To conclude, Jones’s main premise is that transatlantic relations will only be a strand of many in a broader management of international order and describes Obama’s multilaterism as “cooperative realism”. This is an accurate assessment of what the EU-US relationship may now resemble. Moreover, Hamilton and Foster also were correct in recognizing that the Obama Administration could receive a boost in credibility in Europe if it can use soft power tools effectively, and with his assertion that the EU-US relationship is “disposable, and also insufficient”.
Through the main arguments introduced in beginning of the book, and summarized at the end, editors Alvaro de Vasconcelos and Zaborowski propose a set of ideas to transform the US-EU relationship, amidst this post-Cold War, post-9/11 and post-globalized world. The book suggests that the US and the EU must work together on maintaining a strategic dialogue. By the same token, the Europeans must support NATO, and solve disputes within this alliance. Ending on a bittersweet note, the editors forecast an improved atmosphere in the US-EU transatlantic relationship. But, it also warns of the potential for only short-term momentum within the Obama foreign policy agenda by late 2010.

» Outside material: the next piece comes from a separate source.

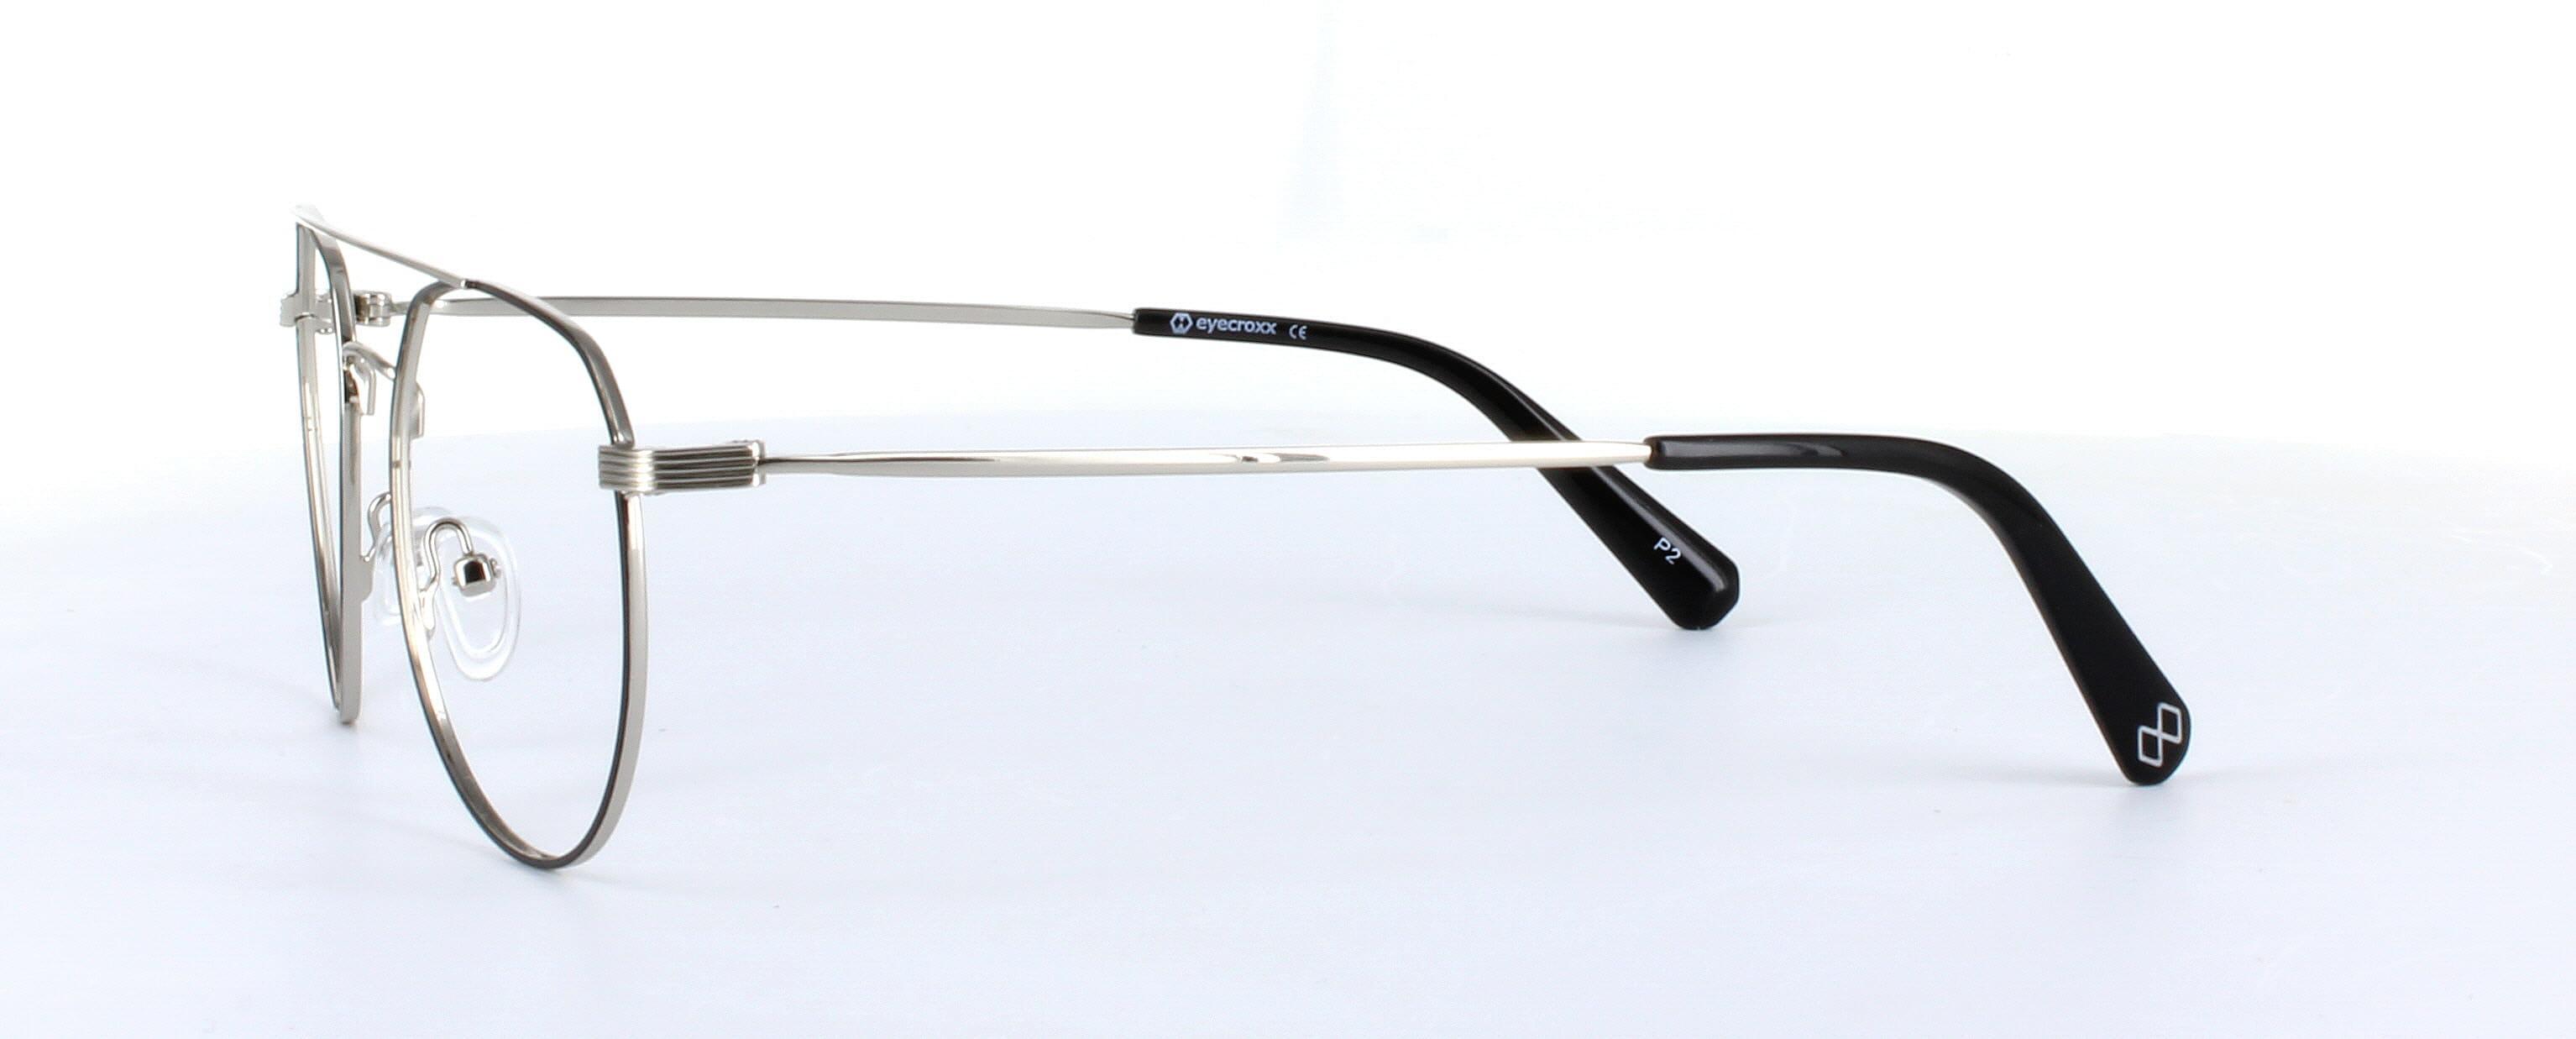 Eyecroxx 597-C3 Black and Gunmetal Full Rim Aviator Metal Glasses - Image View 2

This book provides a collection of contemporary perspectives from experts and analysts on the most crucial issues in international affairs today, a focus that seems to mirror main aspects of Obama’s National Security Strategy. Although the book only loosely provides a handful of all encompassing themes that all 18 authors agree on, it provides a snapshot analysis of every topical issue at hand under the current international system, and assesses the changing international environment. The book is also successful in providing the reader with the sense that many of the most pressing issues must be addressed from a bi-lateral US-EU platform; yet to reach that point the transatlantic alliance needs to be reenergized. Finally there’s a sentiment taken from the book that the US-EU relationship is an important, but it shouldn’t be deemed the only card in the deck for tackling complex issues, and furthermore, that the West shouldn’t just be a witness to the rise of the rest, but will need to cooperate with the new powers as they emerge.